The Internet Archive offers perhaps the world’s largest online store of open content. The wisdom of the ages, just a few clicks away. As Wikipedia has become the world’s encyclopedia, the Internet Archive has become its library. Central to our mission is establishing “Universal Access to All Knowledge”. Access to our library of millions of books, journals, audio and video recordings and beyond is free to anyone — with one caveat — the need for a reliable internet connection.
Lack of access to today’s internet is a significant factor in poorer educational outcomes, inter-generational poverty and disempowerment as identified by the UN in their Sustainable Development Goal #9. The Offline Archive project works towards making online collections available — regardless of internet availability.
Part of the challenge is that those of us who live where the Internet works well, are adding graphics, video and other demands on bandwidth faster than access is being improved in many parts of the world.
An evolving ecosystem is emerging to enable access over poorer internet. Typically the approaches build around low cost, low power, devices that can be installed, in communities and schools for example, and deliver content either offline or through better usage of a narrow pipe to the net.

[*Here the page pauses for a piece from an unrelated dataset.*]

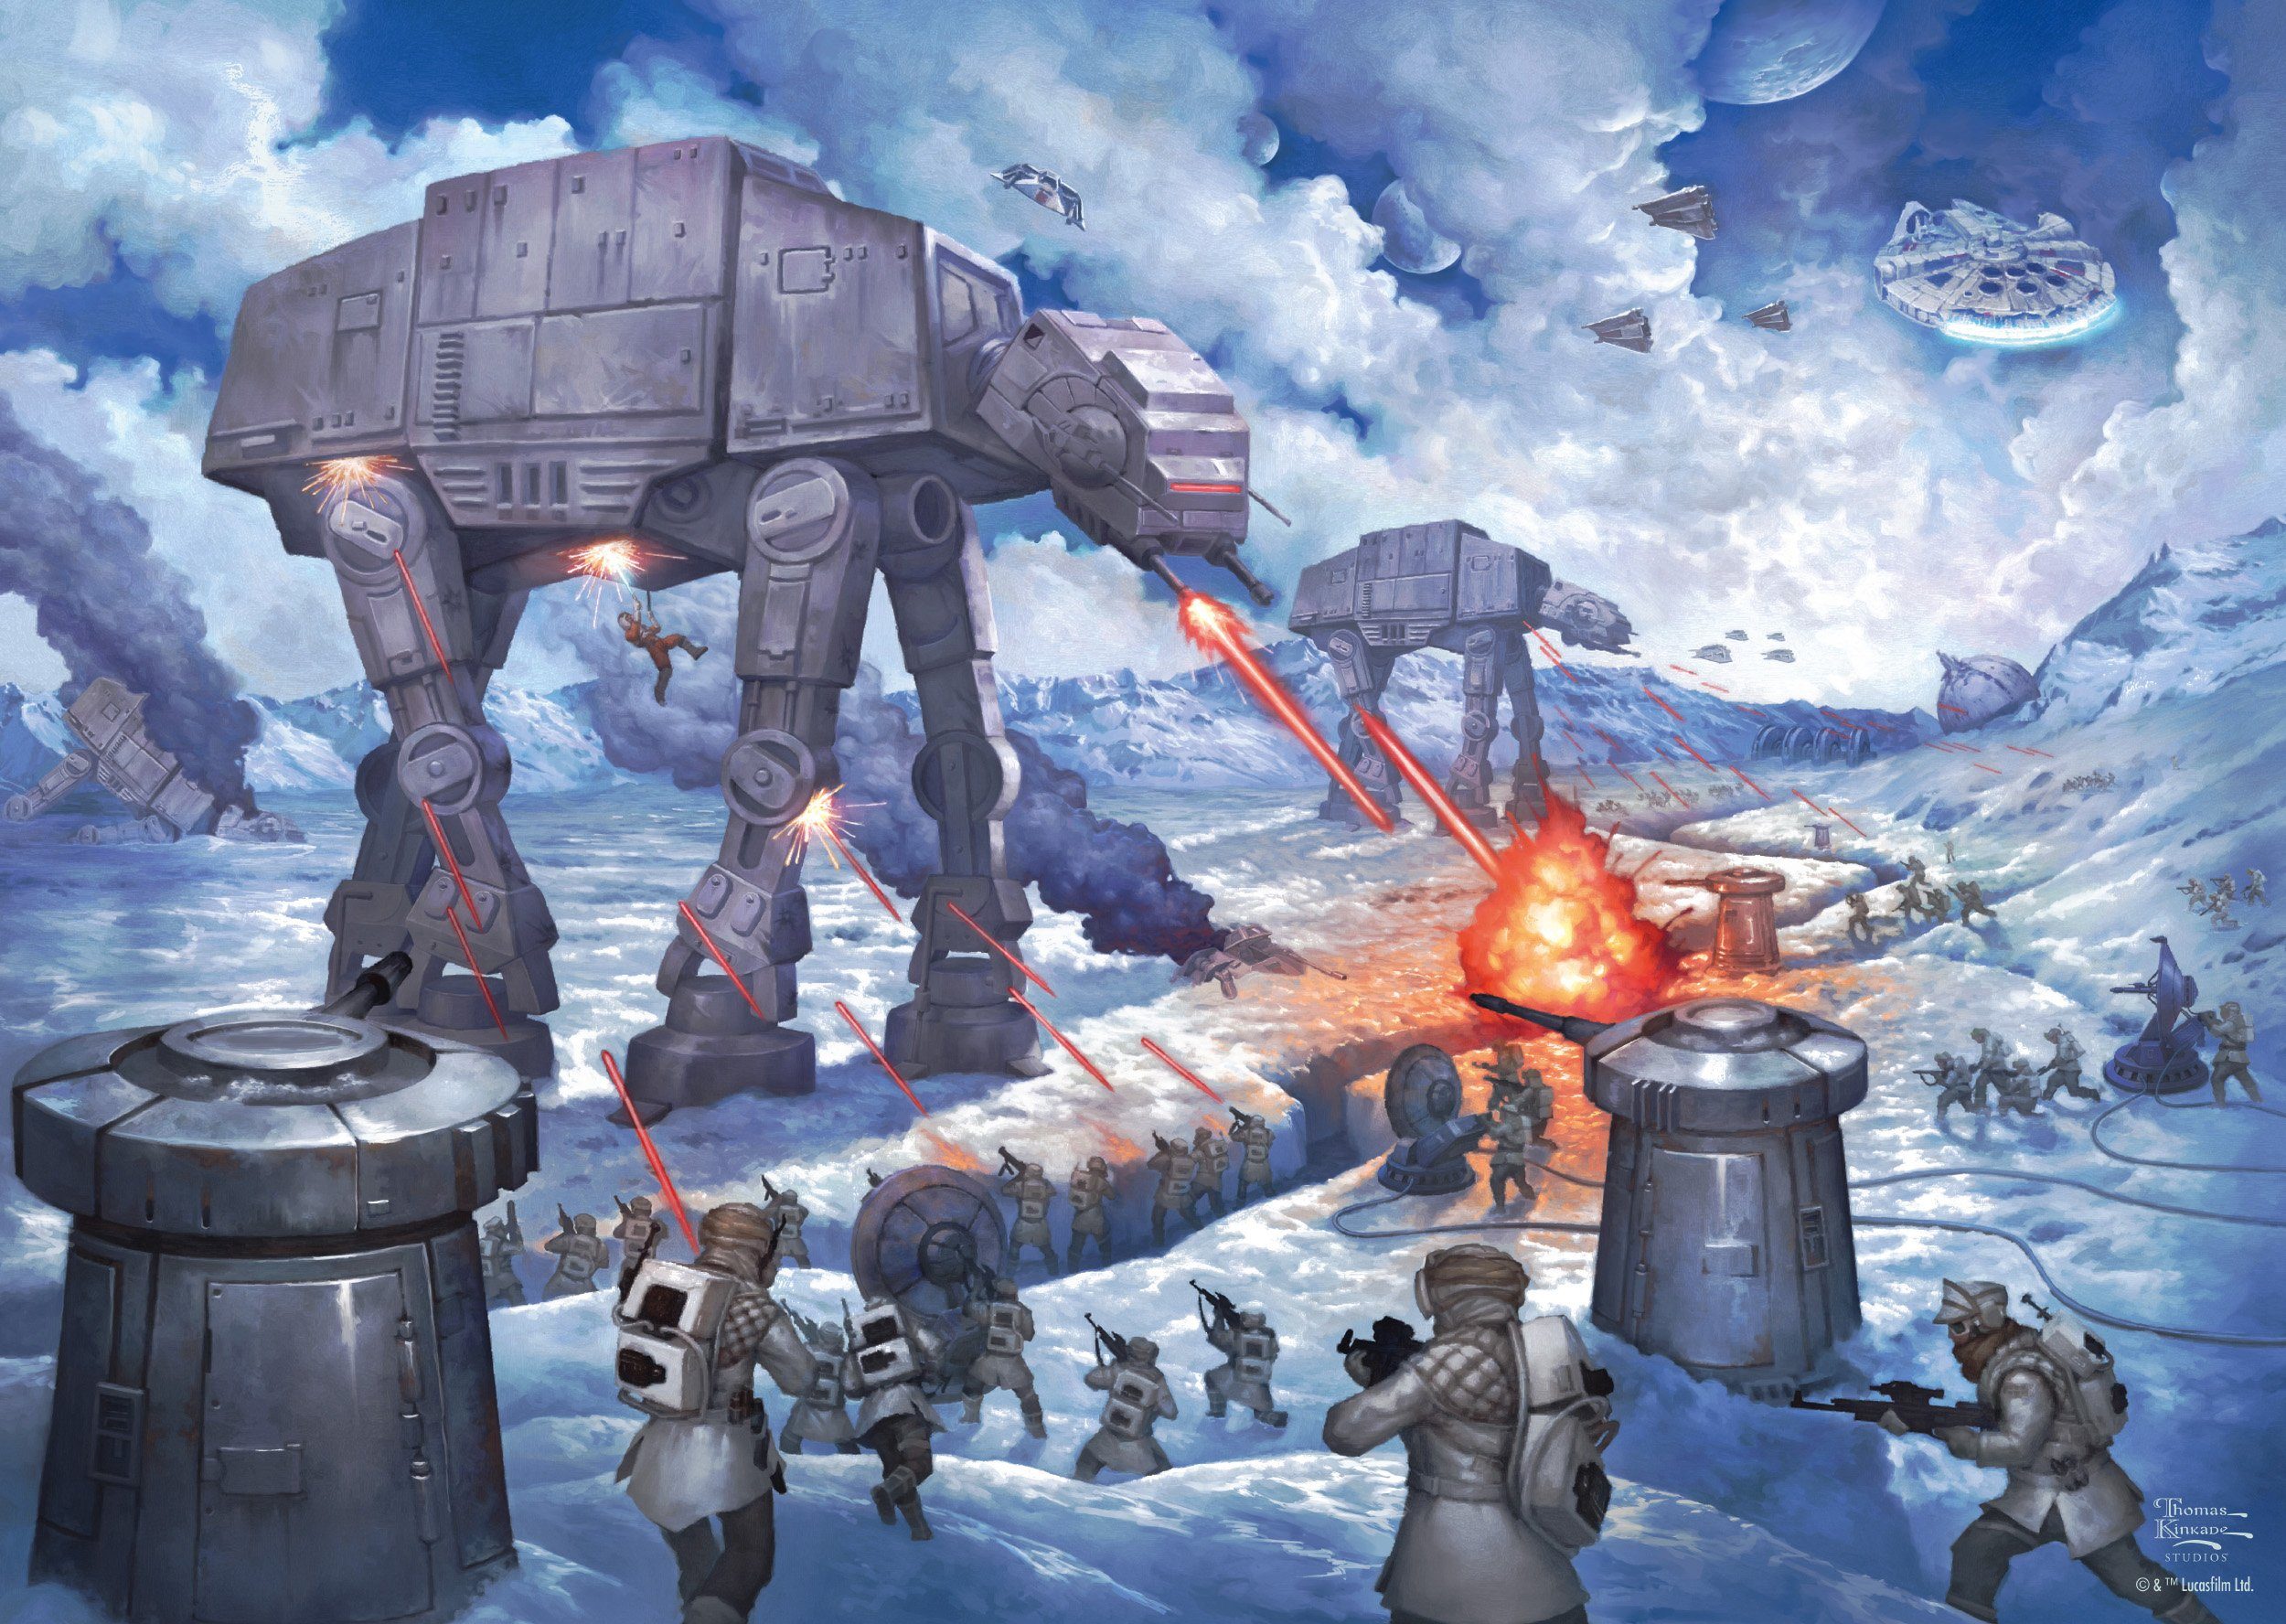 The Europe Made Puzzle 1000 Spiele Schmidt Puzzleteile, in Battle of Hoth,

We have built an offline server that:
- Crawls Internet Archive collections to a local server,
- Serves that content locally,
- Caches content while browsing,
- Moves content between servers by sneakernet — on disks, USB sticks, and SD cards,
- Delivers (mostly) the Internet Archive UI offline in javascript in the browser,
- Is open source,
- And is being made available in other languages.
The server is integrated into the Internet-In-A-Box (IIAB) platform, and can be installed on top of the Rachel platform, or hopefully any linux based platform. Our approach should improve access for anything from a US$20 Raspberry Pi up to a server holding terabytes of data for an institution. We are also collaborating with other parts of the ecosystem, integrating the Archive’s APIs with those of other partners, to make it easier for them to incorporate Archive content.
Contributing
We'd love to have you contribute, please email [email protected], or interact with the rest of this repo, and I'll figure out how to help you get started. (TODO setup a better channel for this !)
Installation
If you would like to run the offline archive server then see INSTALLATION.md, and the documents it points to.

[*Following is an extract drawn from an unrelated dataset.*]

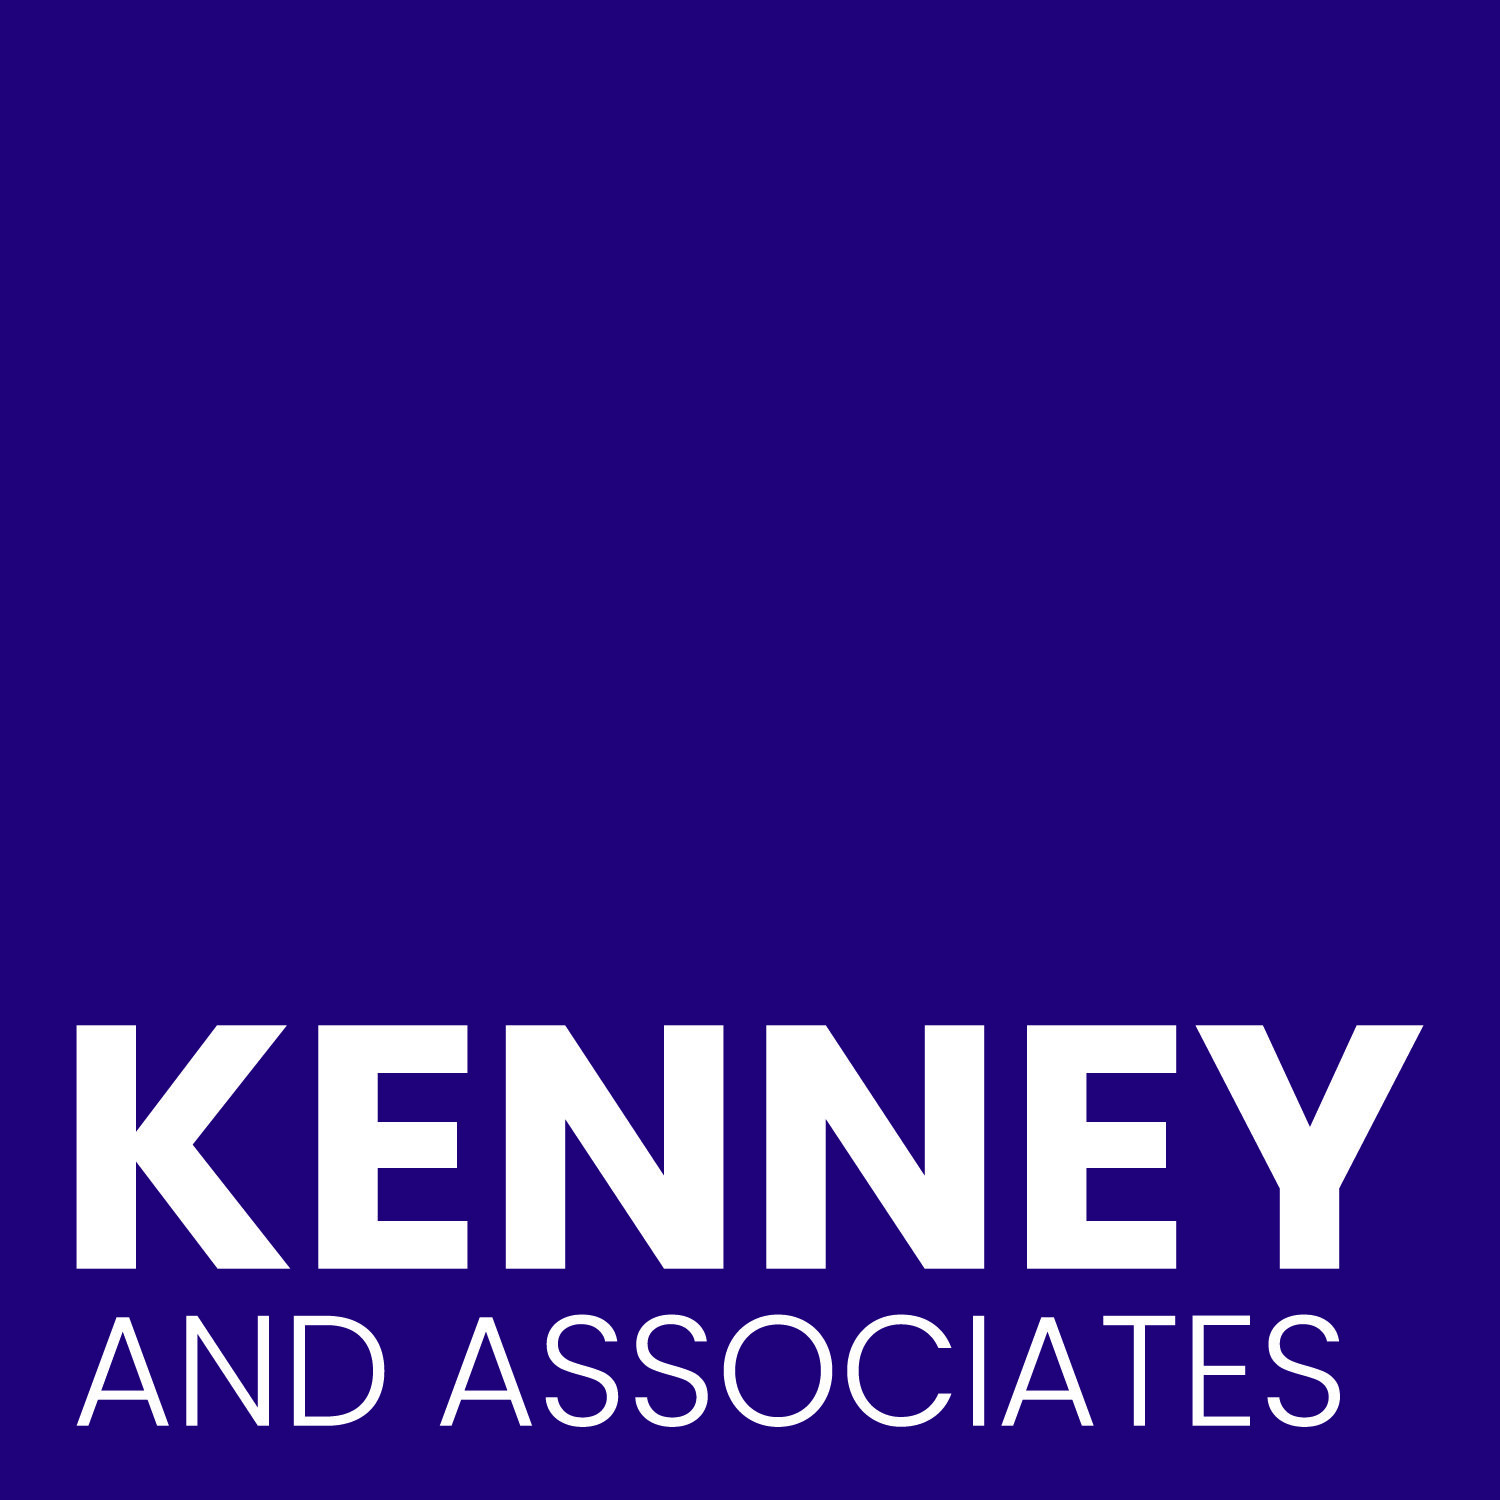 Kenney and Associates

If you want to fix bugs, develop code or contribute in other ways then see INSTALLATION-dev.md. (Note this document was written for Mac OSX users, a useful task would be for someone with a Linux machine to make any edits to it if required, or just confirms it is correct.)
Also see these documents to update an existing installation, Or to troubleshoot an existing installation.
Using it - starting the server.
See the Installation docs, but on most platforms (except, currently, on Mac OSX) the server should start at reboot.
If not, then assuming you've got it installed in your home directory ...
cd ~/node_modules/dweb-mirror && ./internetarchive --server &
Or a slightly different location for the developers.
The startup is a little slow but you'll see some debugging when its live
On platforms where it starts automatically (e.g. IIAB, Rachel),
it can be turned on or off at a terminal window with service internetarchive start
or service internetarchive stop
Browsing
Open the web page - the address depends on the platform.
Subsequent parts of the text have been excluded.